The name of Roman's wife is under discussion. The name was assumed to be Anna based on the fact that her grandchild Mstislav Danilovich established the Church of Saint Joachim and Anna in Volodymyr. According to the Supraśl Orthodox Monastery and Kiev Caves Monastery obituaries, her second name was Helena. It is possible that she was a daughter of Margaret of Hungary (House of Árpád) rather than Irene Palaiologina.
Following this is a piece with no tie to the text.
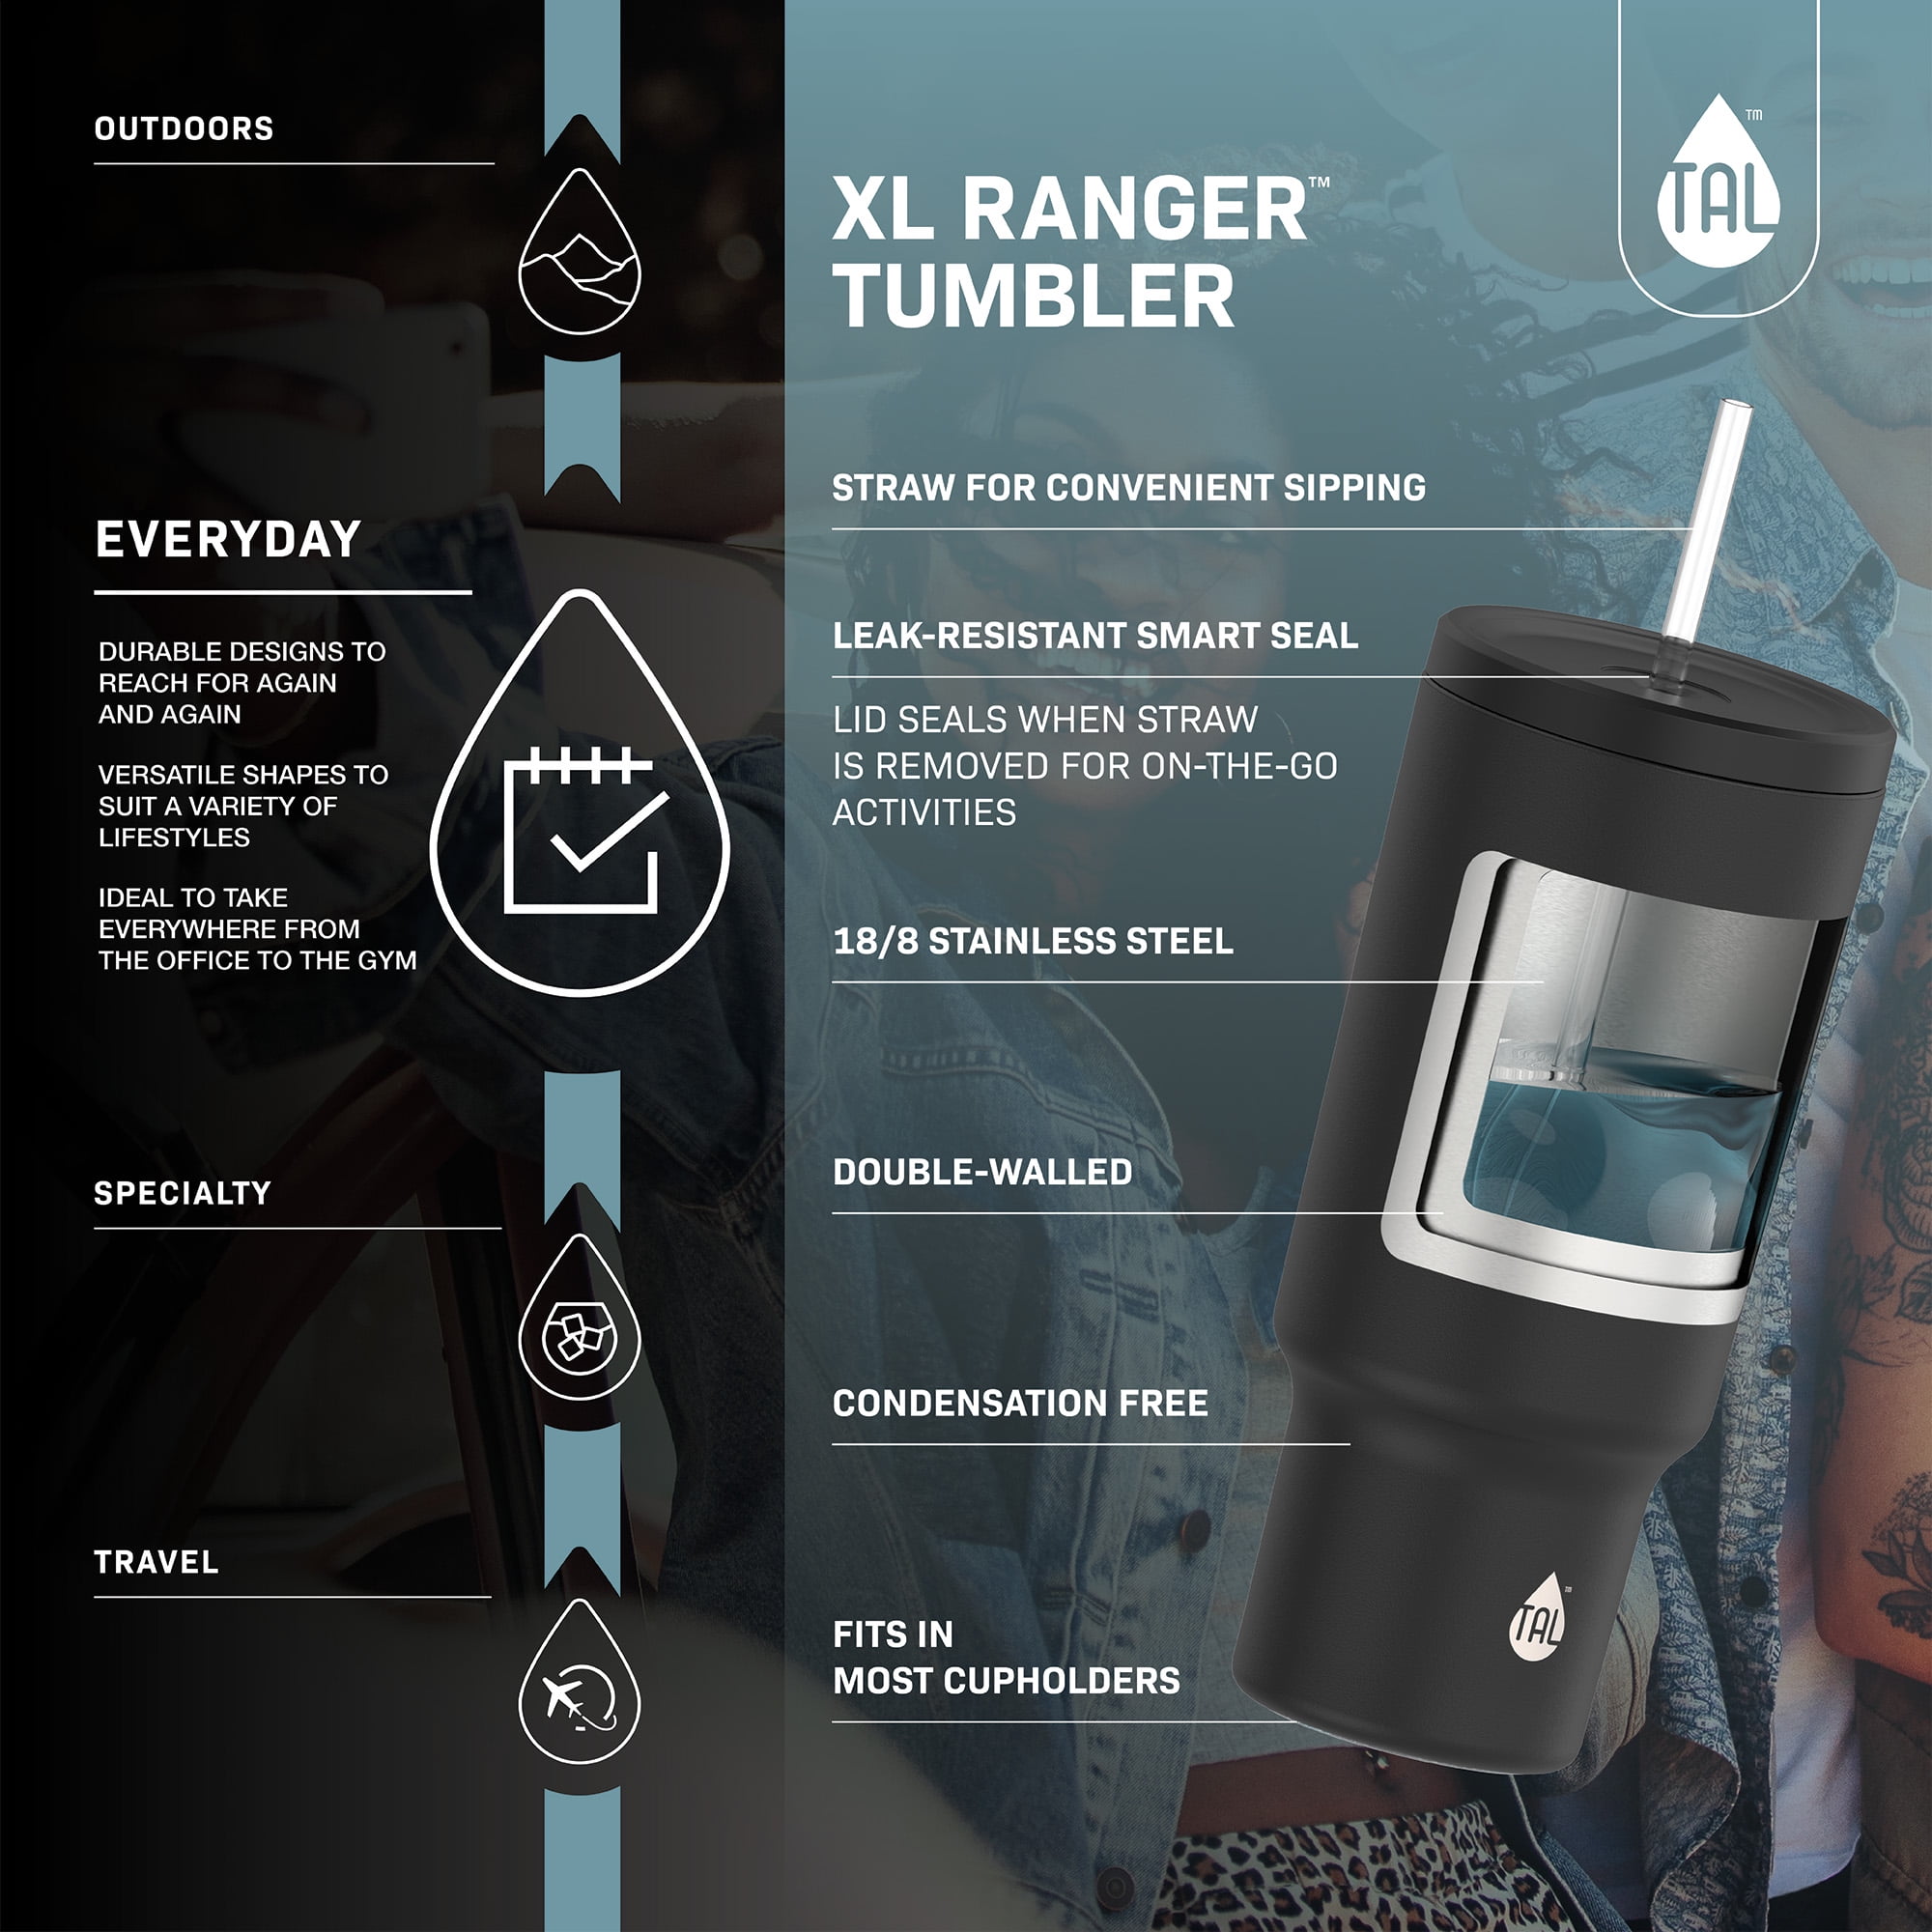 IWOM Stainless Steel Ranger Water Bottle 40 fl oz by TAL

It is known that Roman the Great was killed at the Battle of Zawichost in 1205, possibly rushing to help Philip of Swabia, who was married to Anna's sister Irene Angelina. The existence of relations between Philip and Roman could be traced with the fact that Roman was recorded to be among the founders of the 12th century Peterskirche of Benedictine monastery in Erfurt when he gave as a charity 20 grzywna of silver.

===Regency===
After the death of her spouse in 1205, she became regent for her son during his minority. She successfully made treaties with Poland, Hungary and Lithuania and benefited commerce, but was opposed by the nobility. She was deposed in a coup by the boyars and escaped to Poland.

By the help of an army provided by king Andrew of Hungary, she retook the power of regency. She arrested the boyars who had opposed her and confiscated their property. During her regency, she annexed Tikholm, Peremyshl and Volodymyr.

In 1214, she retired from regency and turned power over to her sons.

===Later life===
In 1219 she became a nun after her older son Daniel of Galicia married the daughter of Mstislav the Bold. According to Leonid Makhnovets the widow of Roman the Great was at the burial of her grandchild Volodymyr Vasylkovich in 1288 in Liuboml, so it is possible that she died soon thereafter.